NASA Authority & Autonomy 2010-2013


NextGen systems are envisioned to be composed of human and automated agents interacting with dynamic flexibility in the allocation of authority and autonomy. The analysis of such concepts of operation requires methods for verifying and validating that the range of roles and responsibilities potentially assignable to the human and automated agents does not lead to unsafe situations. Such analyses must consider the conditions that could impact system safety including the environment, human behavior and operational procedures, methods of collaboration and organization structures, policies and regulations. 

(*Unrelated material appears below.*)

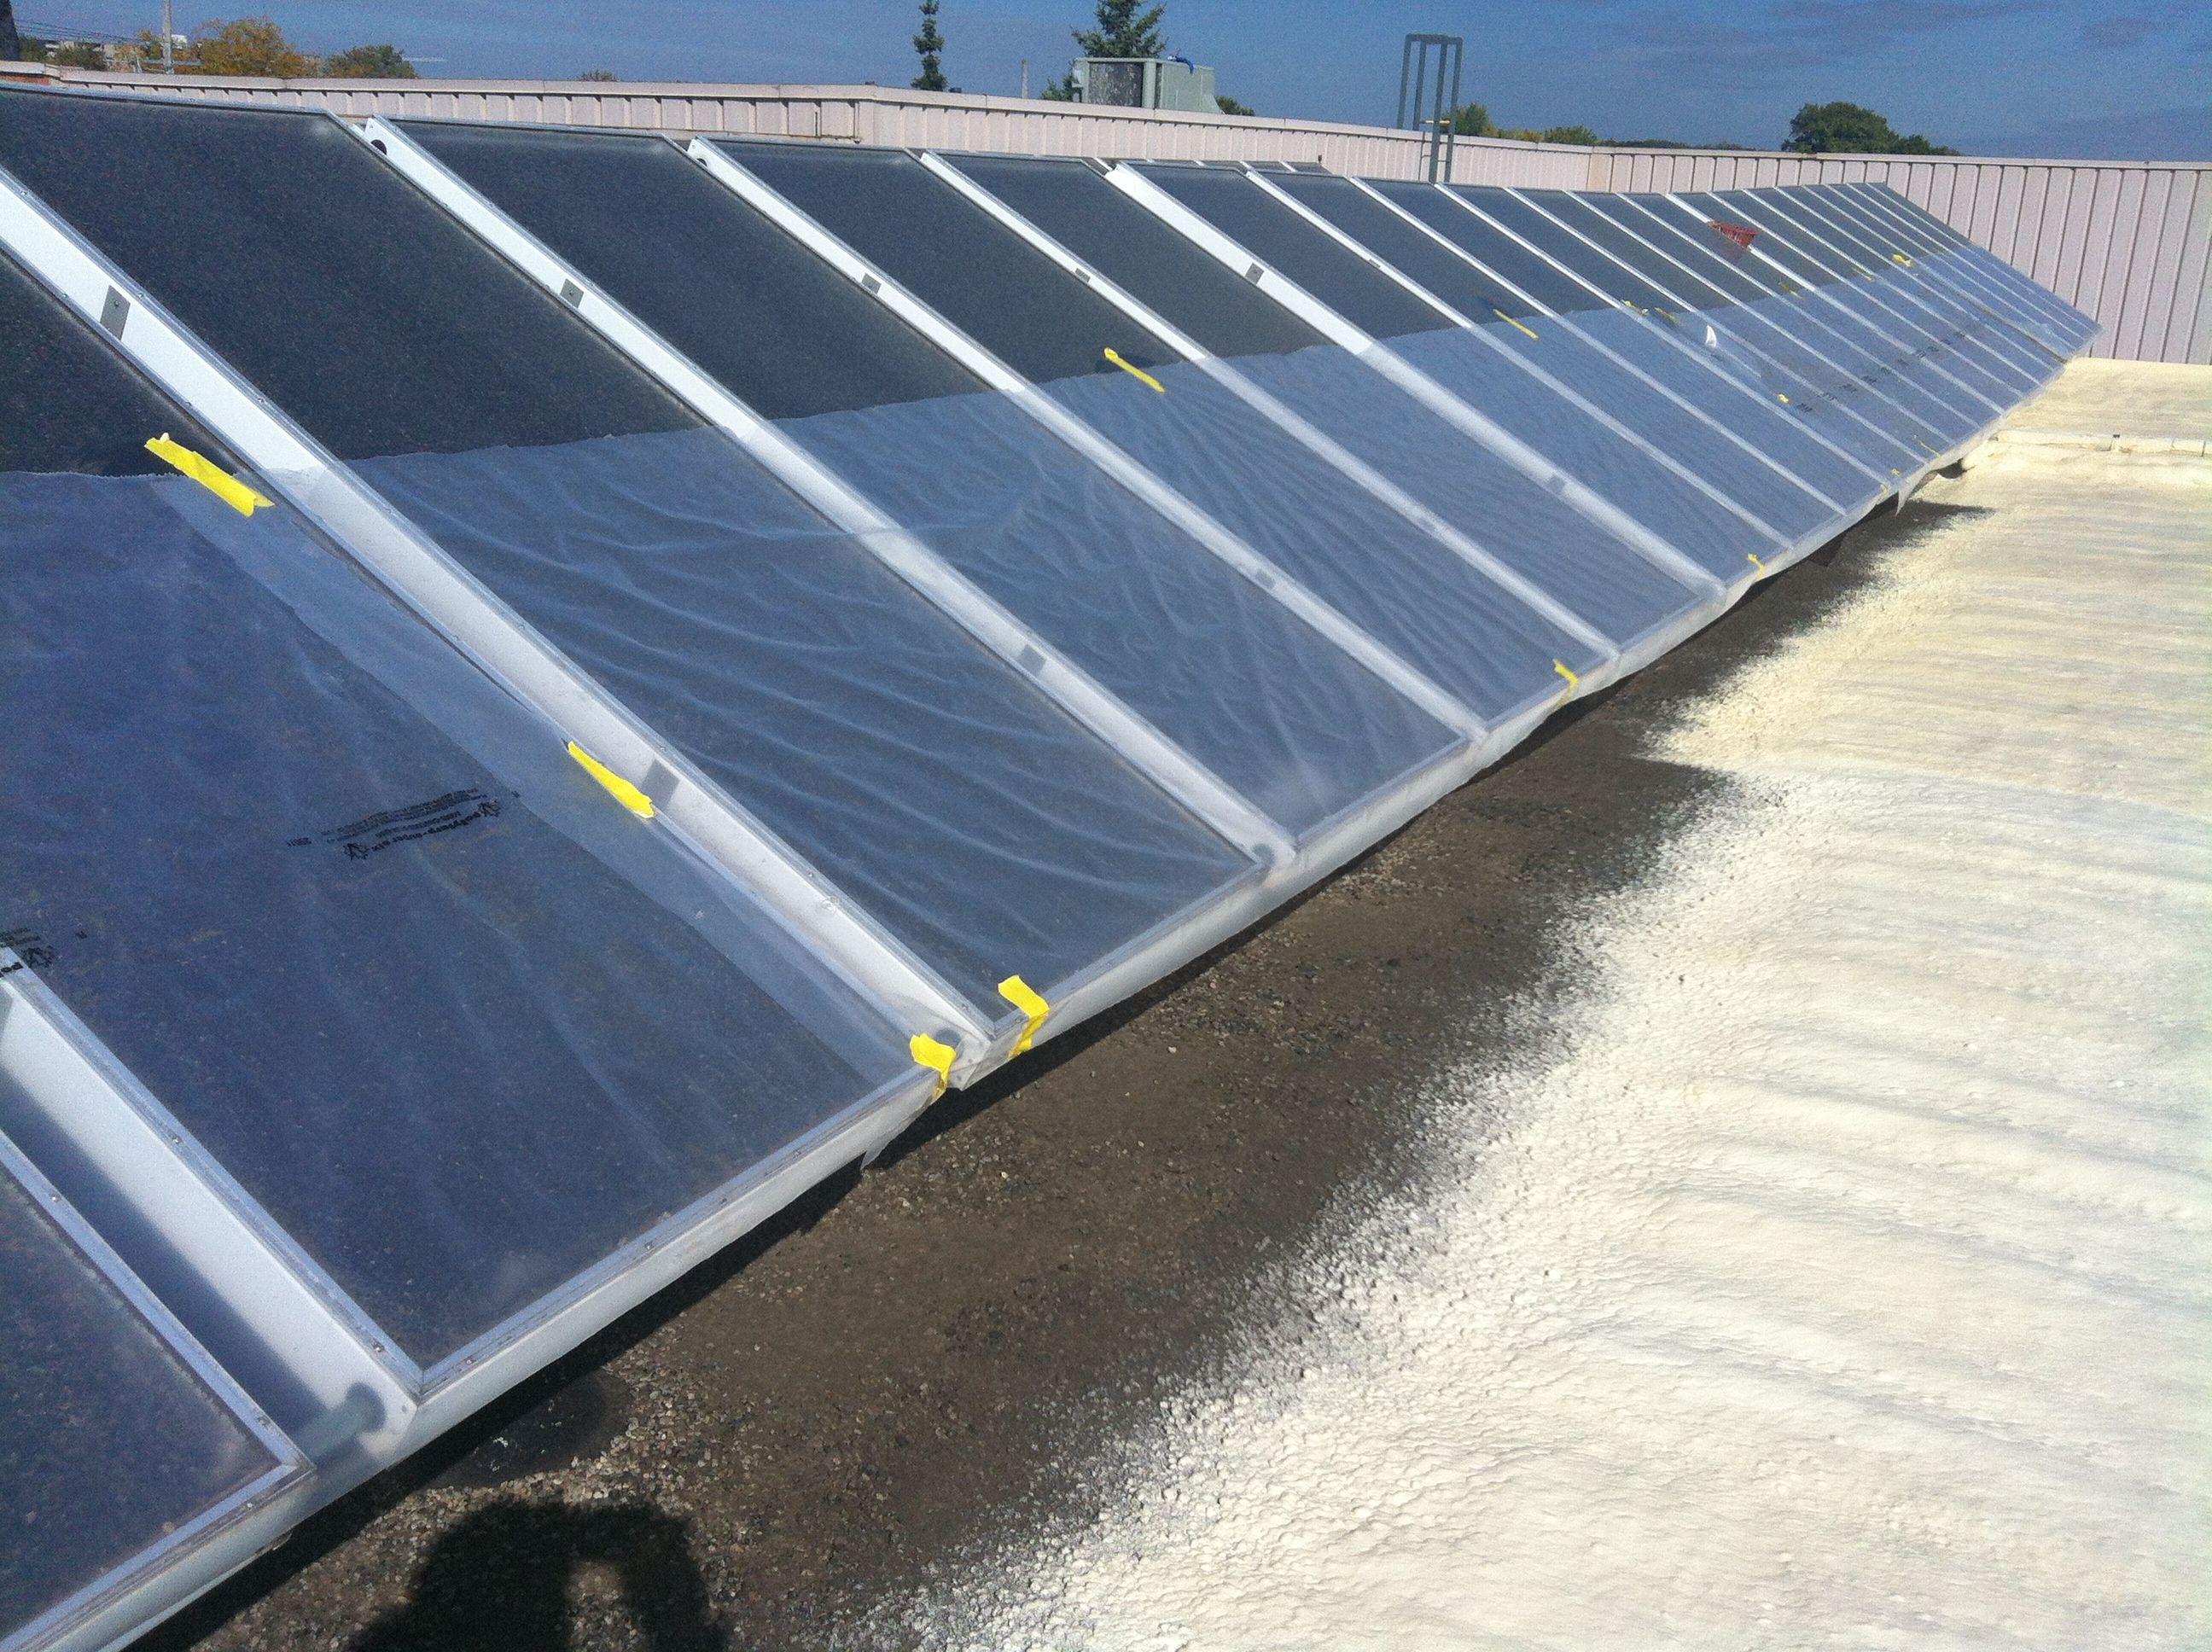 3lb Polyurethane Roofing Foam With Elastomeric Protective

              Agent-based simulation has shown promise toward modeling such complexity but requires a tradeoff between fidelity and the number of simulation runs that can be explored in a reasonable amount of time. Model checking techniques can verify that the modeled system meets safety properties but they require that the component models are of sufficiently limited scope so as to run to completion. By analyzing simulation traces, model checking can also help to ensure that the simulation’s design meets the intended analysis goals. Thus leveraging these types of analysis methods can help to verify operational concepts addressing the allocation of authority and autonomy. To make the analyses using both techniques more efficient, common representations for model components, methods for identifying the appropriate safety properties, and techniques for determining the set of analyses to run are required.

This project is performed in association with Dr. Ellen Bass of Drexel University, Dr. Elsa Gunter of the University of Illinios, and John Rushby of SRI.